Asimov era particolarmente preoccupato che la sovversione della democrazia fosse catalizzata dalla crescita smisurata della popolazione a livello mondiale. Solo recentemente,(2002) uno dei fondatori della nuova scienza dell’Economia Ecologica, Robert Costanza, ha invece preconizzato che le grandi modificazioni climatiche rappresentino la minaccia più concreta e più pericolosa alla progressiva decadenza della democrazia nei Paesi occidentali ed in via di sviluppo.
Nella sua teoria, Costanza stabilisce un nesso inscindibile tra sviluppo sostenibile e sviluppo della democrazia, poiché i fattori costitutivi di questo sviluppo sono la multirelazionalità delle economie, il multilateralismo della politica estera, la cooperazione e la sussidiarietà tra i popoli, il decentramento delle risorse energetiche rinnovabili e il riuso delle materie secondarie, la partecipazione degli abitanti e la diffusione della società della conoscenza e della cultura.
Peter Droege, oggi presidente del “World Council for renewable Energy”, afferma, inoltre, che è necessario uno “ sviluppo creativo “anche per le città contemporanee in modo da favorire il distacco progressivo dalla fuorviante convinzione che le città moderne rappresentino l’apice della modernità.
Per divenire “ moderne” ( nell’autentico senso del termine, evitando che questa parola diventi anch’essa un ossimoro) esse devono recidere i tentacoli della dipendenza assoluta dai combustibili fossili, riducendo l’impronta ecologica dei contesti urbani e rimediando, in questo modo, all’impatto sul clima a scala mondiale prodotto dall’urbanizzazione fossile.
Economia Ecologica, sviluppo sostenibile delle comunità, Democrazia: sono tre risposte inscindibili e complementari alla sfida che minaccia il futuro delle nuove generazioni, quella delle modificazioni climatiche.
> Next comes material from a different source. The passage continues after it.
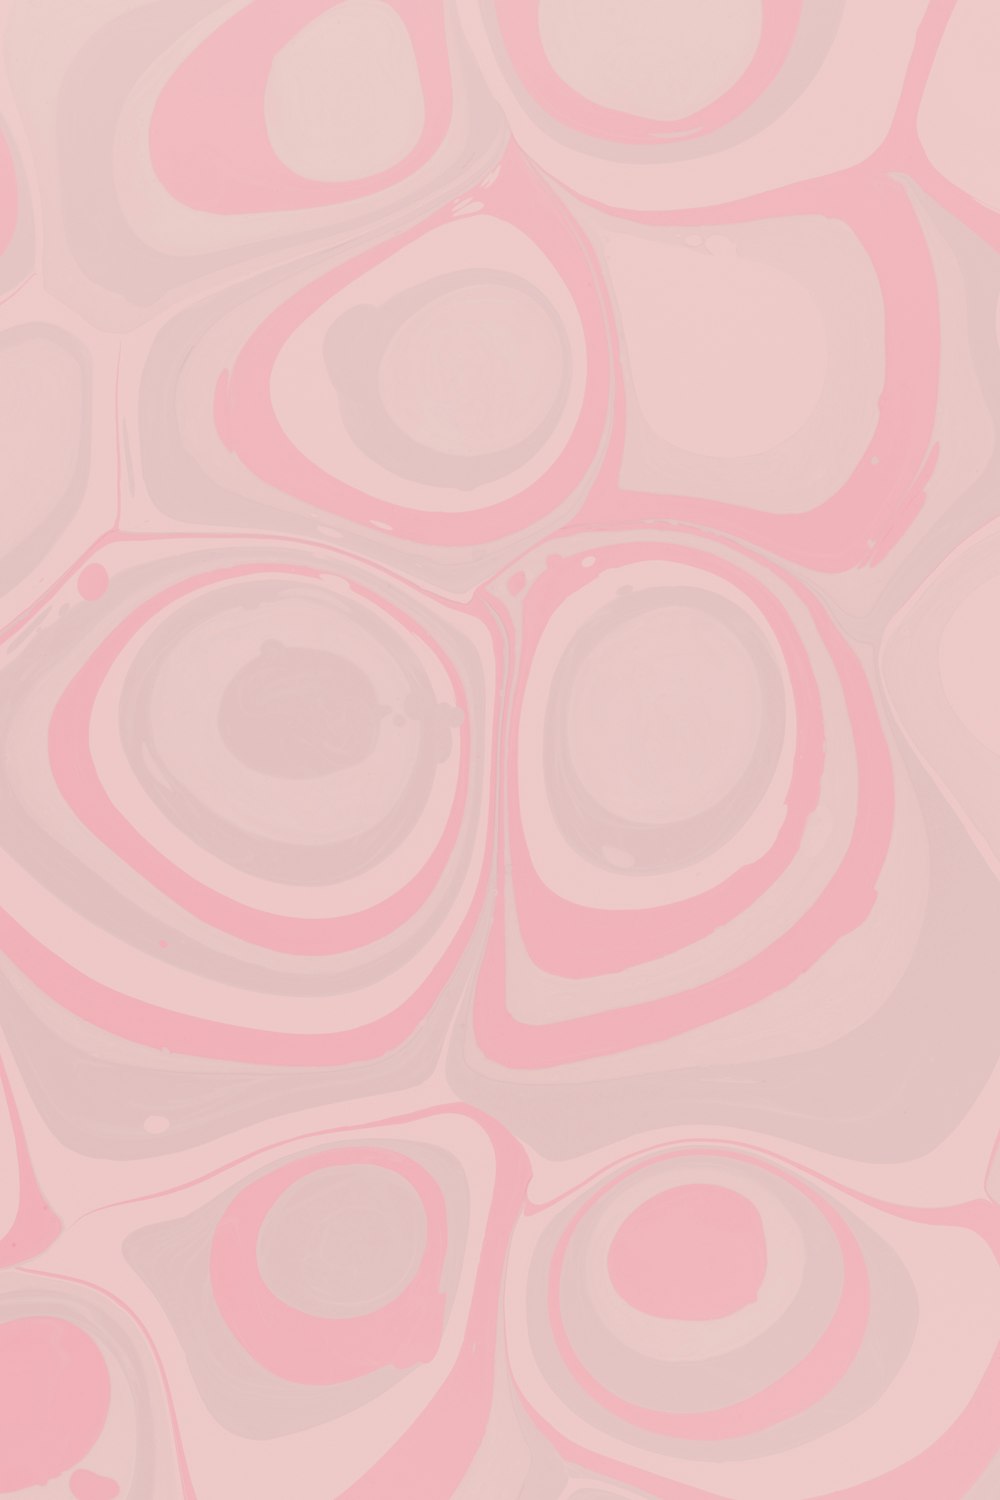 Illustration de coeur rose et blanc

Non dobbiamo dimenticare questo legame, esso è di vitale importanza per tutti gli bitanti di questo Pianeta, proprio come ci insegna un episodio poco conosciuto e ormai lontano nel tempo.
Nel 1930, in un paese africano, il Mali, il colonialismo francese varò un grande piano per la coltivazione del cotone. Per realizzare questo piano era necessario preparare il suolo da destinare alla coltivazione del cotone ed i numerosissimi alberi di baobab che popolavano la savana ne erano un ostacolo. Fu deciso di abbatterli tutti.
Ma il baobab nell’Africa Occidentale è un albero di grande significato culturale e sociale, in quanto luogo di assemblea e corte di giustizia per i governanti locali. Con parole occidentali, potremmo dire che è un simbolo e un luogo di esercizio della democrazia.
Con la scomparsa dei baobab, in Mali, scomparve anche la democrazia tribale che stava alla base di quella società.